No marvel, no harvest
left me speechless,
yet I find myself
somehow with heart,
aloneless.
With heart,
fighting fire with fire,
fightless.
That loud hub of us,
meat stub of us, beating us
senseless.
Spectacular in its way,
its way of not seeing,
congealing dayless
but in everydayness.
In that hopeful haunting
(a lesser
way of saying
in darkness) there is
silencelessness
for the pressing question.
Heart, what art you?
War, star, part? Or less:
playing a part, staying apart
from the one who loves,
loveless.
Card 19: The Sun
When you show yourself to the woman
you love, you don’t know your fear
is not fear, itself. You have never been good,
but now you are so good,
who are you?

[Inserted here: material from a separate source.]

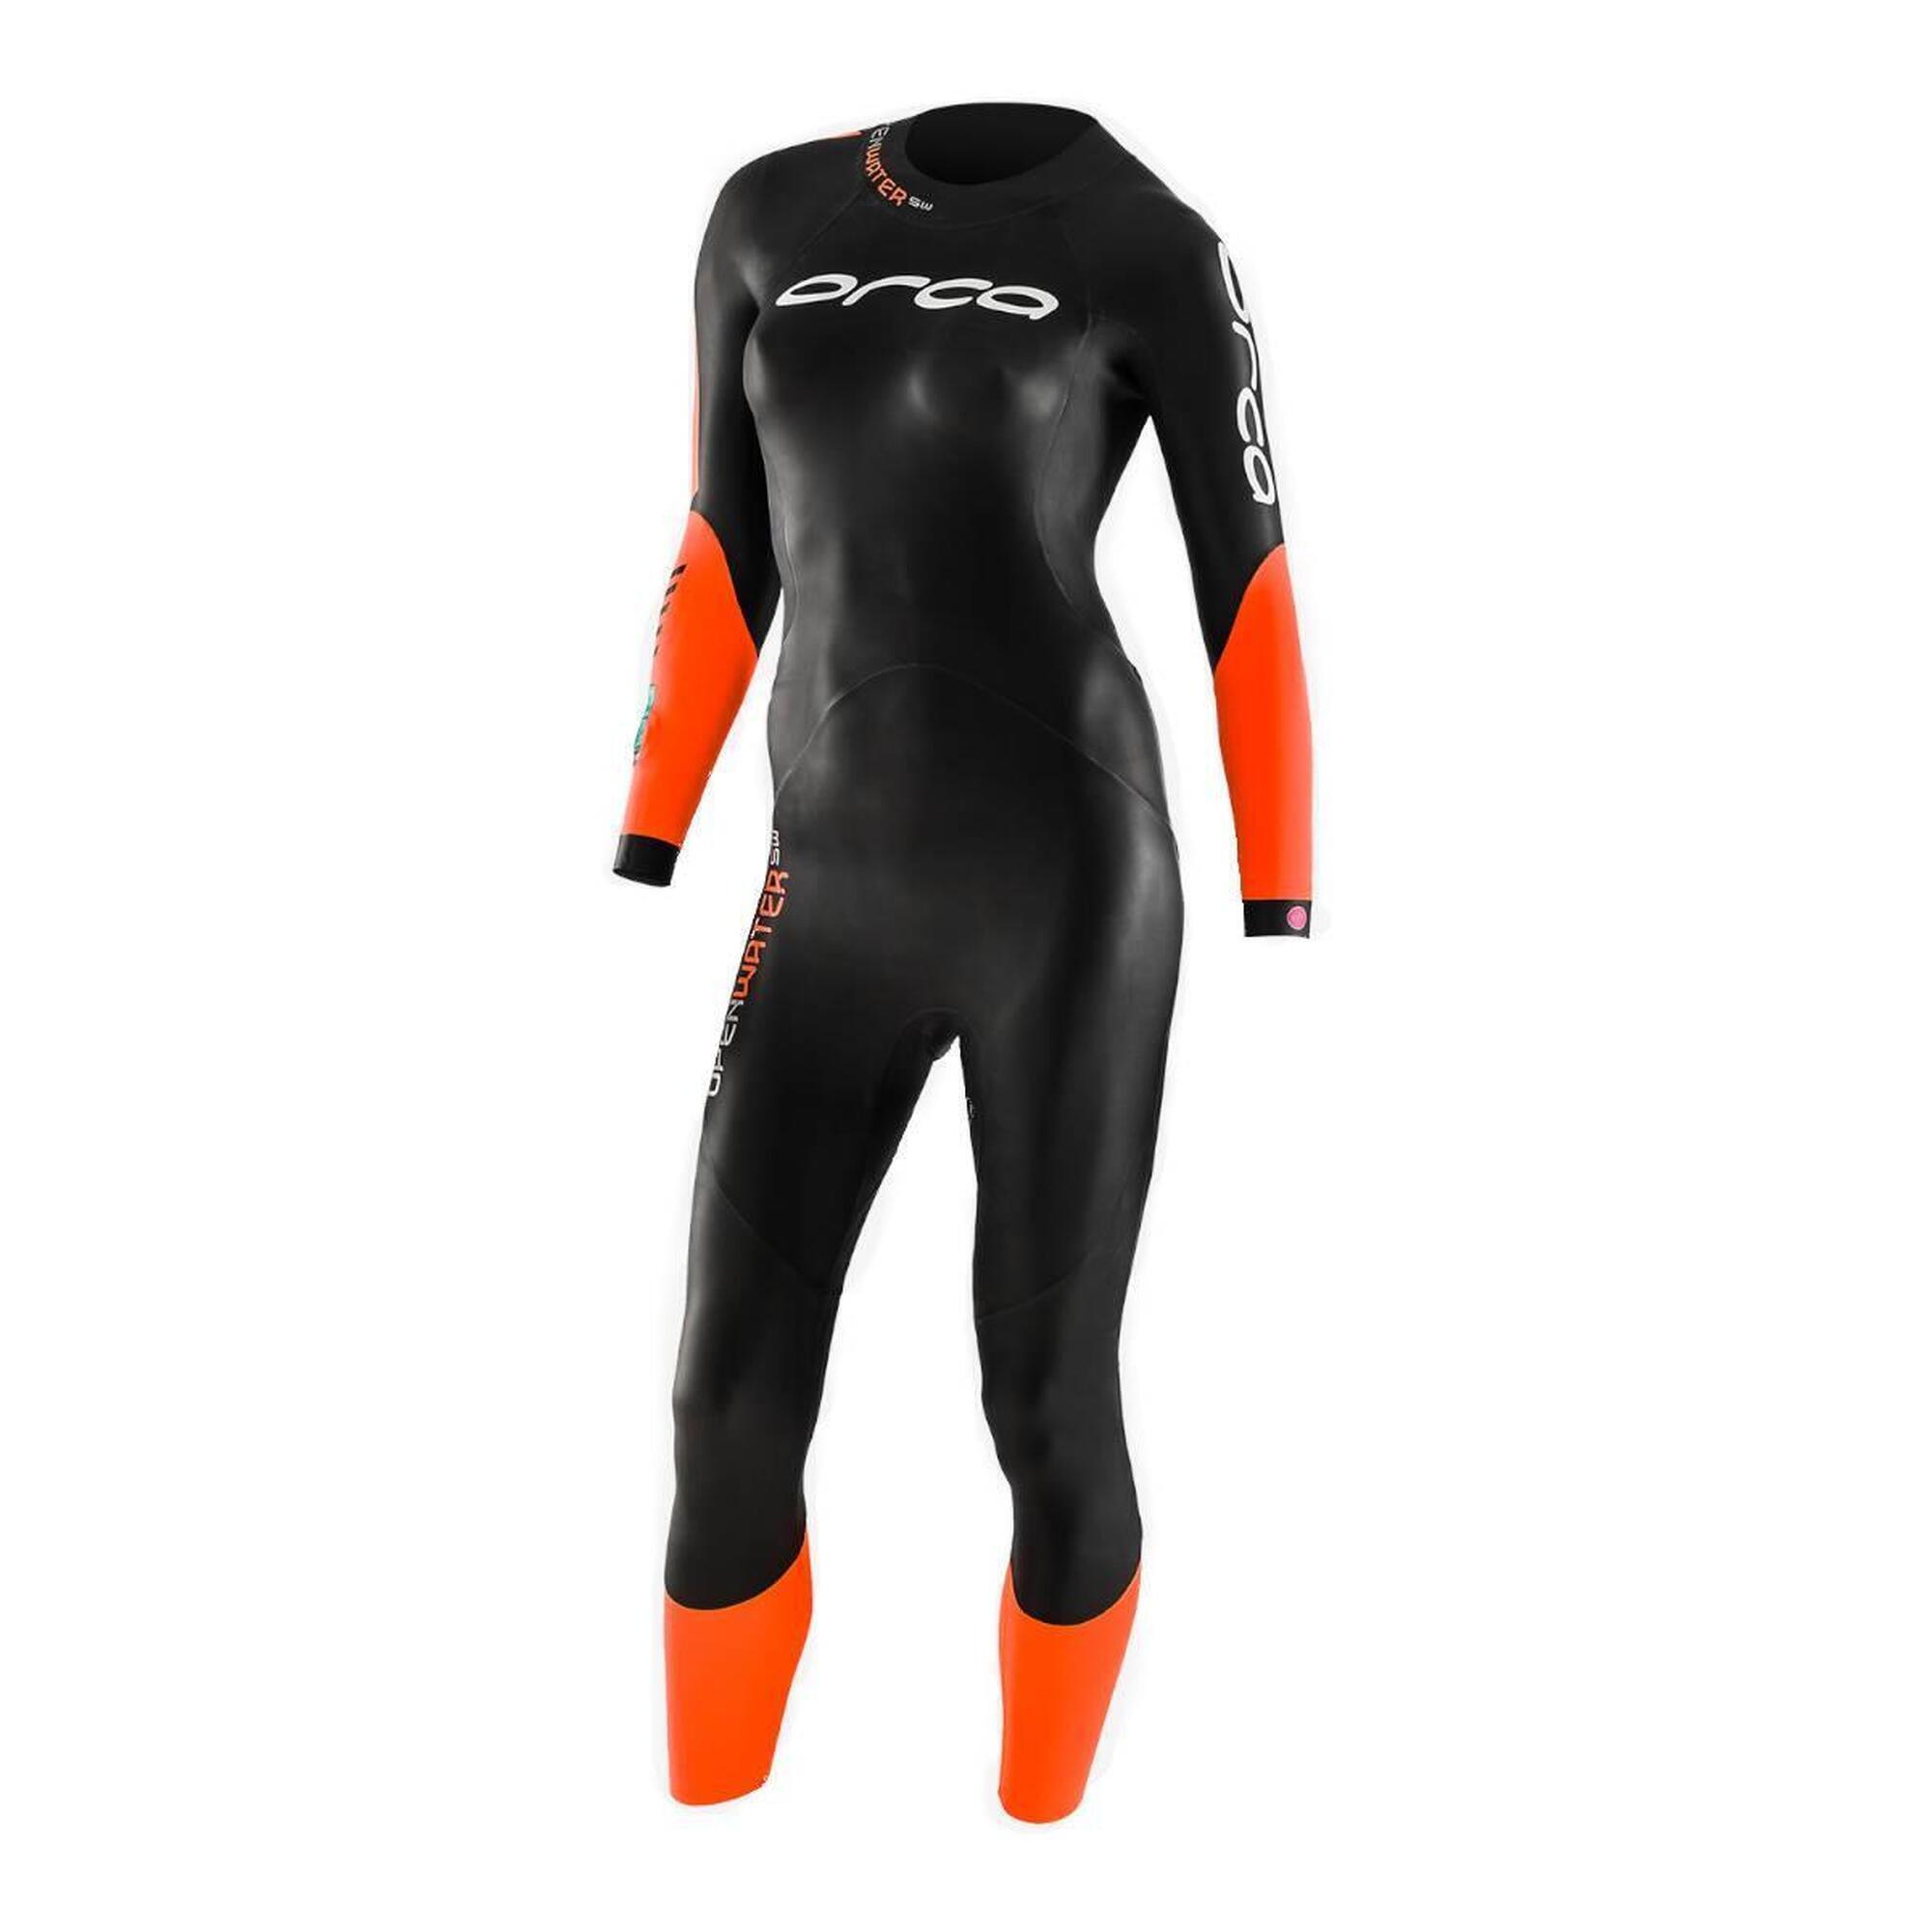 Orca Women's Openwater Smart Wetsuit - Black/ Orange - Size XS 1/3
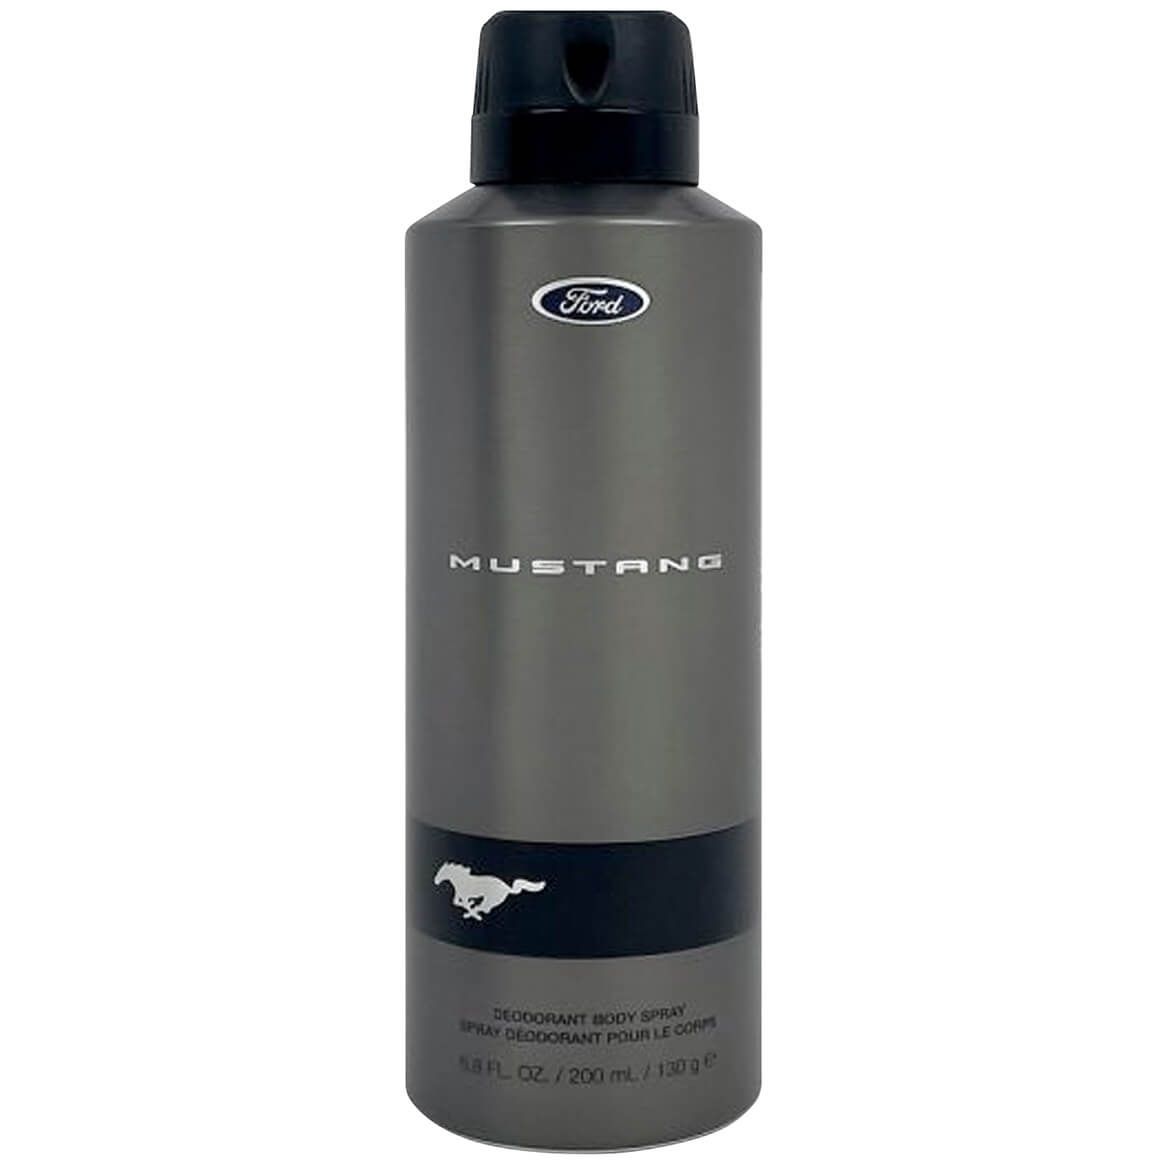 Mustang Black for Men Body Spray, 6.8 fl. oz. + '-' + 377298

Is it the liquidity of her skin
that bathes the world for you,
or her face, captured like a she-lion
in your own flesh?
This summerbed is soft with ring upon ring
upon ring of wedding, the kind
that doesn’t clink upon contact, the kind
with no contract,
the kind in which the gold is only (only!) light.
Cloud covers and lifts,
and sleep and night and soon enough, love’s
big fire laughs at a terrible burn,
but only (only!) because pain absorbs excess
joy and you shouldn’t flaunt
your treasures in front of all day’s eyes.
.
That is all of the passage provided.